Puis vient Dinos, seul sur scène (pas de back) avec un jeu de lumière sobre, minimal. Le rappeur a « quitté le tié-car », vient défendre son album Stamina (+ Stamina, Memento)… et annoncer son album à venir, Hiver à Paris (apparemment, il y a des CD et des vinyles prévus pour tout le monde, ne vous privez pas). Il indique aussi une date à l’Accor Arena (le 10 mars, vous êtes conviés), tombe par certains moments dans l’ego trop (c’est comme l’ego-trip, mais en un peu trop), termine lui aussi dans la fosse. « Le bonheur est dans les choses simples », assure-t-il pourtant. On veut bien le croire.

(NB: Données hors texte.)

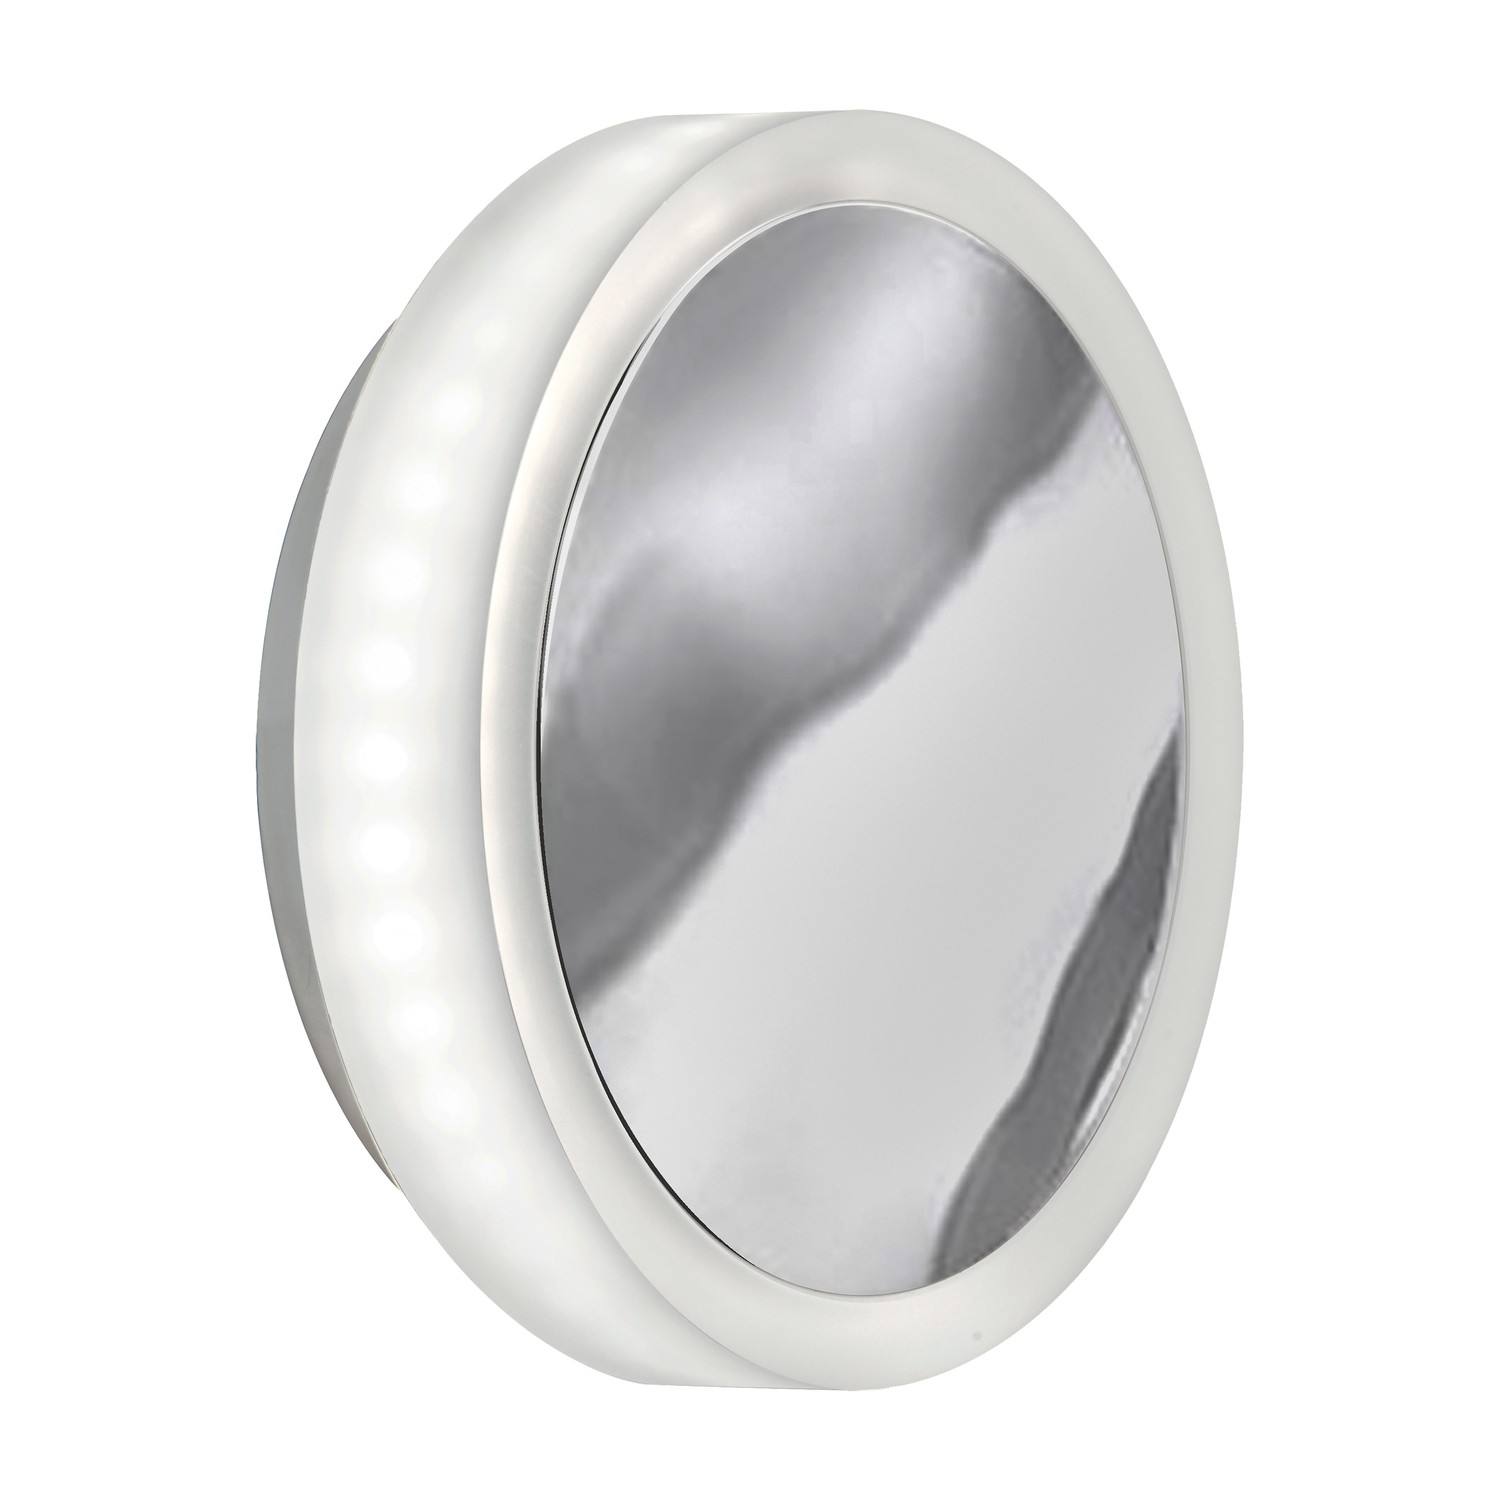 12W Polished Chrome Wall Sconce w/ Frosted Acrylic Diffuser

« J’la ferai tant qu’on n’aura pas foutu le feu sur ce morceau, Nancy ! », il prévient au moment d’entonner « Xnxx », l’un de ses tubes. « Les Champs Élysées brillent avec la lumière de l’Afrique / Des anges avec des gilets pare-balles vi-ser dans ma street / J’veux changer de galaxie même pas changer de pays / Mes paupières tremblent seules, j’suis nerveux comme le GTI / Des larmes sur le sol, du sang sur le mur ». On recommence. Plusieurs fois. Ouais, ça fini par marcher, et pas qu’un peu. Dans la fosse, encore. Énergie folle, rage barge, cordes vocales qui manquent de se briser. On finit sur un uppercut qui laisse tout le monde k.o.
BPM
À quelques mètres du Chapiteau, au Magic Mirrors cette fois, les kids terminent la soirée fracassés par le le live de Makala (un rappeur suisse d’origine congolais, qui s’y connaît en bringues d’afterwork). D’autres ont réservé leur place à L’Autre Canal, la SMAC nancéienne en périphérie de la ville (tu passes le canal, dix minutes à pied, c’est bon), la soirée est placée sous l’emprise des 140 BPM de la musique techno. Les pulsations sont d’abord l’œuvre du très underground collectif nancéien CTL!, qui fête ses dix ans (bon anniversaire à eux). Dans la salle, des genres d’étoiles au plafond et des lumières stroboscopiques. C’est un autre monde où il semble facile de se percher. Puis, à côté, le set de l’Hambourgeoise Helena Hauff, qui mixe l’électro, l’EBM, la techno, le post-punk, tout ce qui peut faire pulser les corps. Après, c’est le trou noir.
Jusqu’à ce soir. À votre tour ! Aujourd’hui : Piers Faccini, Anne Paceo, Jungle by Night ou Nina Attal… et tous les soirs jusqu’au samedi 15 octobre. Faites vos jeux, serrez les coudes : vous serez environ 100 000 personnes sur ces deux semaines de Nancy Jazz Pulsations.